Upgrade MySQL from 5.7.38 to 8.0.34
We use Amazon MySQL RDS for one of our services. When we wanted to purchase reserved instances to reduce the expenses. We needed to upgrade the MySQL RDS instance type and MySQL engine version.
To upgrade MySQL engine version, I needed to go through the MySQL documentation about migration, features that are removed, features that are deprecated etc. and create a plan of upgrade.
We needed to do some schema related changes like character set, collation and user’s authentication plugin. We needed to move to utf8mb4 character set for all tables. And, we chose utf8mb4_general_ci as the collation, because we don’t use sorting or compare functionality of unicode characters (we may store some unicode characters in some fields only when the user’s input has unicode characters). I needed to read about character set, collation, how the ALTER table command works. I’ve inspected our data to check whether we use unicode characters or not.
For execution, we wanted to use Amazon RDS blue-green deployments. This method creates a clone of the database and configures it as a read-replica, with this, we can create our new MySQL server with desirable configuration (like upgraded instance type, upgraded mysql engine) and do the required changes to schema, while data-wise, both old and new instances are in sync. As we do changes to the schema, we needed to do the “replication compatible changes” or tell how mysql can do the replication if it can’t proceed with replication. In our case, the as the column type of source DB is different from that of the new database (old database has utf8mb3 column type and for new one, we’ve changed it to utf8mb4), hence, we needed configure sysvar_slave_type_conversions system variable with ALL_NO_LOSSY value. This setting lets us proceed with replication without data loss.
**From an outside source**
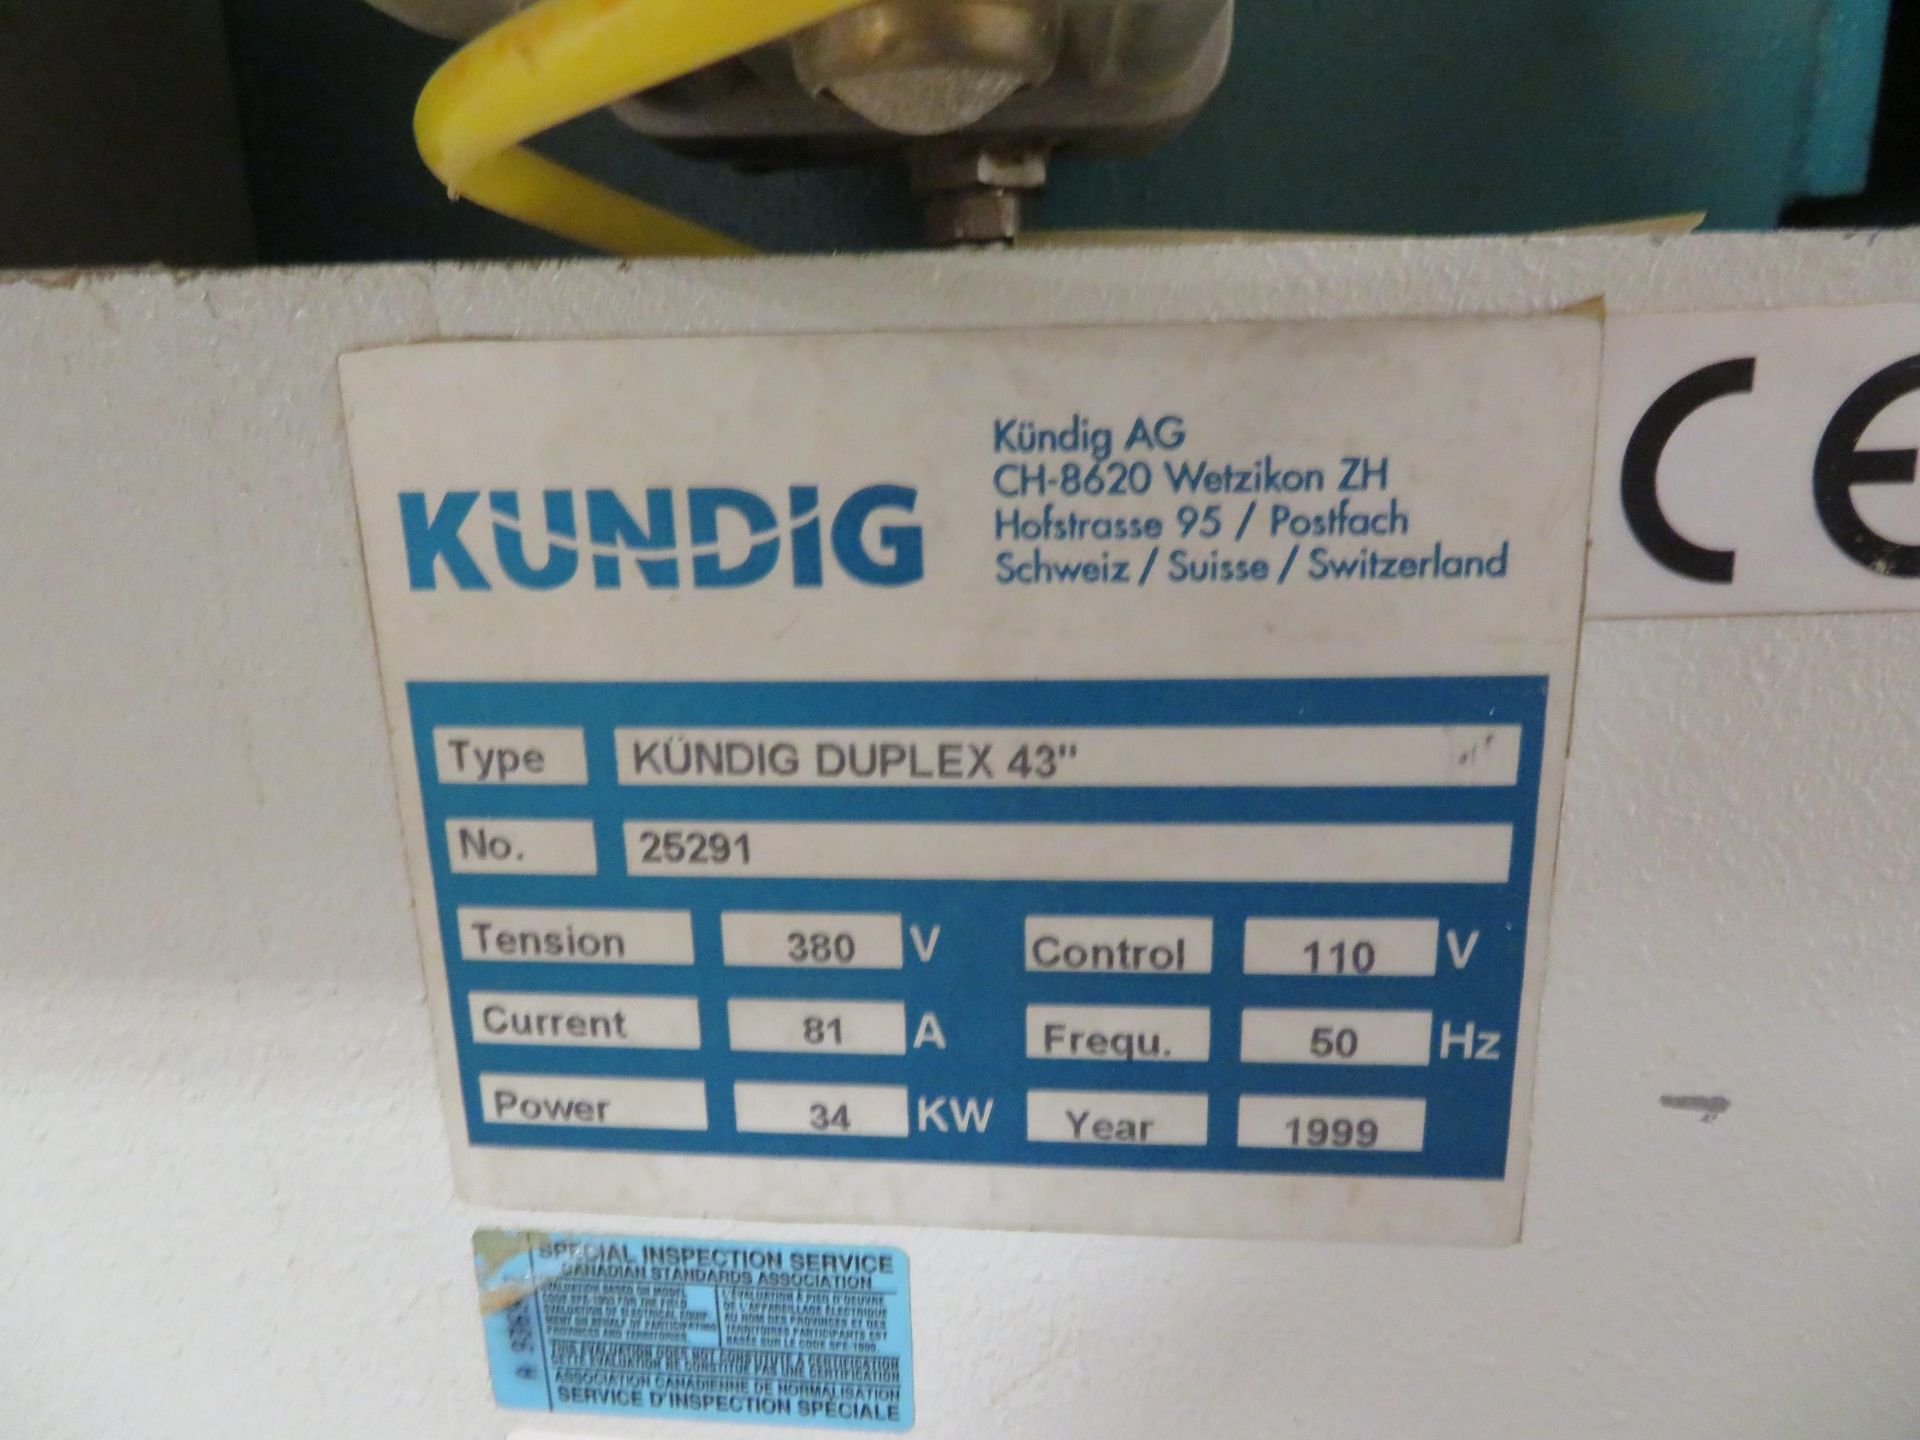 KUNDIG 2 head belt sander (1999), Mod# DUPLEX 43, Tension 380 V, current 81 A, Power 34 KW, - Image 11 of 13
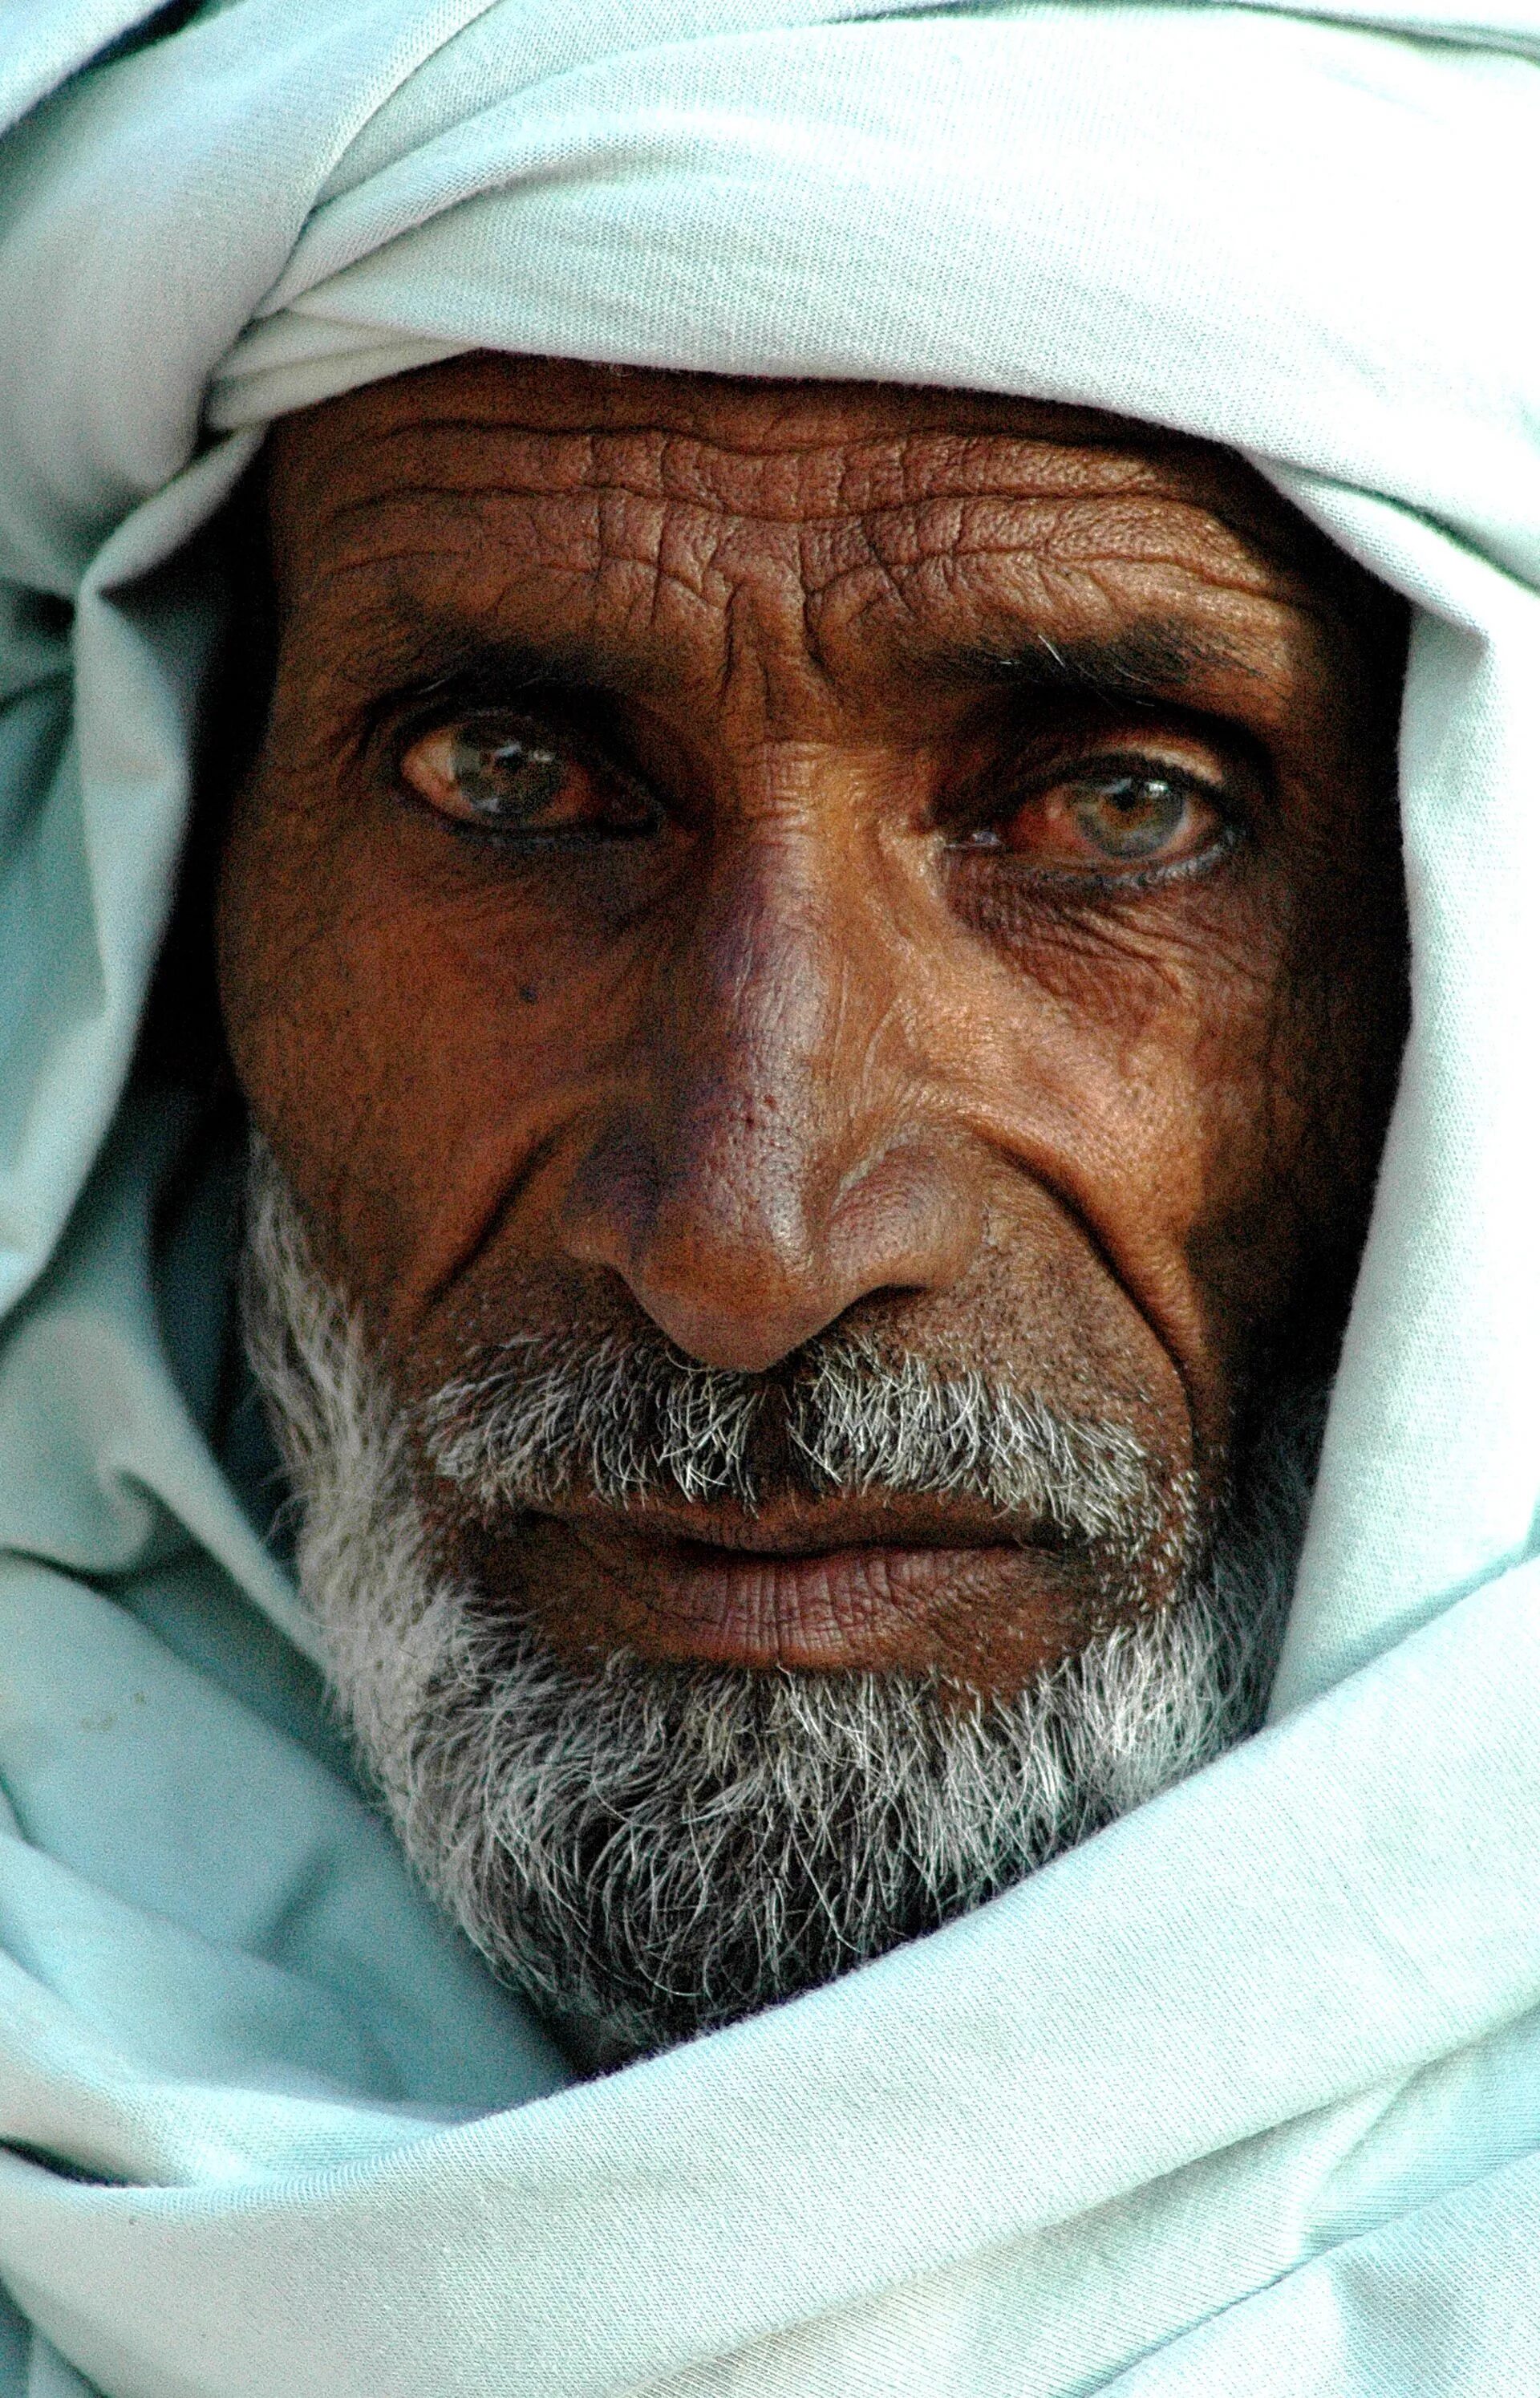 Дедушка араб. Старый араб. Лицо араба. Арабский старик. Пожилой араб.

For validation of the setup before switching over to new instance:
- We’ve created data in production database via the app service calls and queried the same id in the new instance, to confirm the data is getting replicated.
- We also wanted to validate whether the row count of all tables matches in both instances. The row count available as part of the information schema table is not reliable., and we felt running the count(*) command takes time and slows down the prodction database (we could get the number of rows in the new instance because long running queries in this instance won’t impact production traffic).
- Then I thought, we could get the number of rows in the new instance before switchover and after the switch over we can get the row count of the old instance (as the traffic is directed to new instance now). We didn’t do this, but this could one less disruptive way to validate number of rows.
Learnings:
- Character set, collation of columns of CHAR/VARCHAR type and how to pick relevant charset and collation for our use case.
- Amazon RDS blue-green deployments.
- Parameters groups of AWS (system variables of MySQL). For ex: read_only=true, if instance is read-only.
- Read replica vs Multi-AZ setup (Multi-AZ instance will have synchronous replication and can’t be accessed while primary zone is active, whereas read-replica will be asynchronously replicated).
- The MySQL replication types and replication type conversions.
- Planning: Prepare the green instance ready (take a couple of days buffer if needed to). Having buffer window will help us stick to the plan from long-running queries, unexpected issues with replication etc.